We stayed three days in Sevilla where I took part in a workshop
about regional issues
related to the transition to an "information society". I was invited to
participate by
Carlos Roman, on the left in the picture below, whom I met in
the late 1970s at
Stanford and now a professor of Economics in Sevilla. The guy in the
middle is
Juantxo Larrañeta, who was at Stanford with Carlos and I and is
now a professor
of
Engineering in Sevilla.
I did not take many pictures because I spent most of the time in the
meetings. Still,
Sevilla is quite a place. It is the fourth largest Spanish city but it
is hard to tell that
you are in a big city if you stay around the old town. The old town is
a maze of
narrowstreets covering perhaps one square mile. Bars and
restaurants everywhere,
people on the streets at all hours...
This is a strange (for Spain) sign exhorting people to be kind to
birds. The common
attitude on this matter when I was growing up was the saying "ave que
vuela a la
cazuela" (bird that flies to the cooking pot).

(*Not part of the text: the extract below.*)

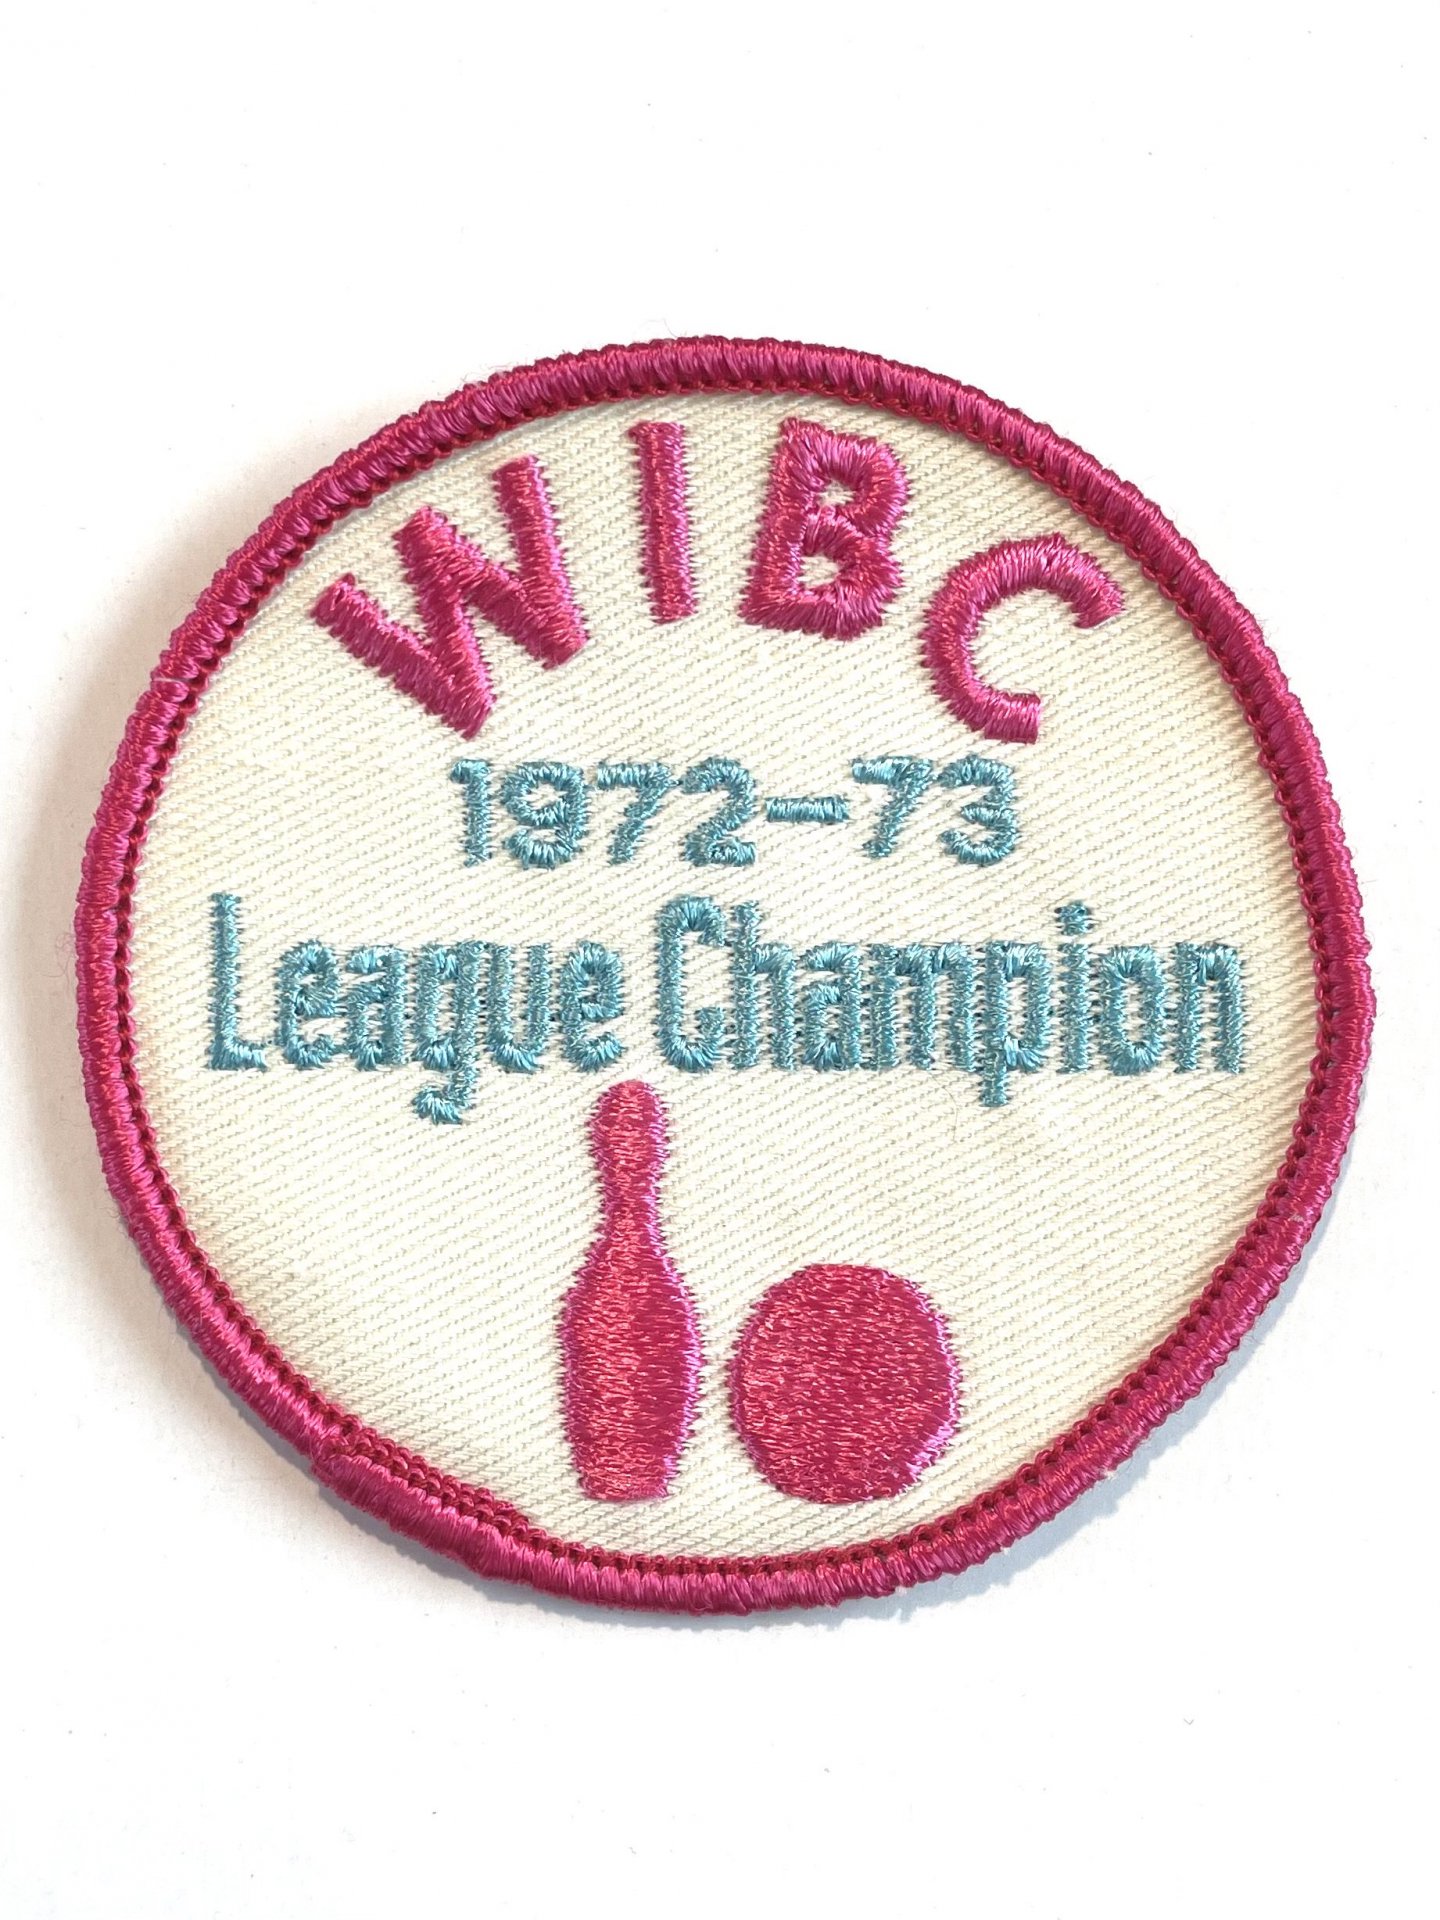 1972-73

And here is Mechtild with yet another interior patio.
Unlike Madrid, for example, Sevilla was an important place since the
days of moslem rule and
it continued to be important as the main entry port of the commerce
with the Americas. It is
not a sea port but it is on the Guadalquivir river and boats could
travel all the way to it. These
four pictures show el Palacio de Los Alcazares (the residence of the
moslem rulers) and the
cathedral which today sit cheek by jowl.
These next few pictures show the two most notorious landmarks of the
city: the Torre del Oro
and the Giralda. La Torre del Oro was where gold coming from America
was
supposed to be
stored. La Giralda is the tower attached to the cathedral. The pictures
were taken from Triana,
the suburb on the other side of the Guadalquivir river from Sevilla.
A sign announcing the old Jewish quarter.
Two plants that caught my eye in El Parque de Maria Luisa: a
brugmansia (more commonly
called "datura" in Spain) in flower in very early January, and a huge
ficus tree.
These pictures were taken in La Plaza de España, built for a
world
expo in the 1920s.
More ficus of uncommon size.
La Giralda with Barbara and Mechtild in front of it.
And mechtild and Barbara sitting outdoors in a tapas bar called "La
Giralda".
Note that the street trees near the bar are orange trees. This is the
case in a
great many strees in the old part of Sevilla. This time of the year
they
were
full of fruit but I was told that when they are in bloom the entire old
town
smells very nicely. I was also told that for a long time a british
company had
the concession to havest the oranges, too bitter to eat, and used them
to make
marmalade, but that a combination of pollution and the economics of
harvesting in a city make this unworkable today.
After our time in Sevilla we drove back to Madrid to end our holiday.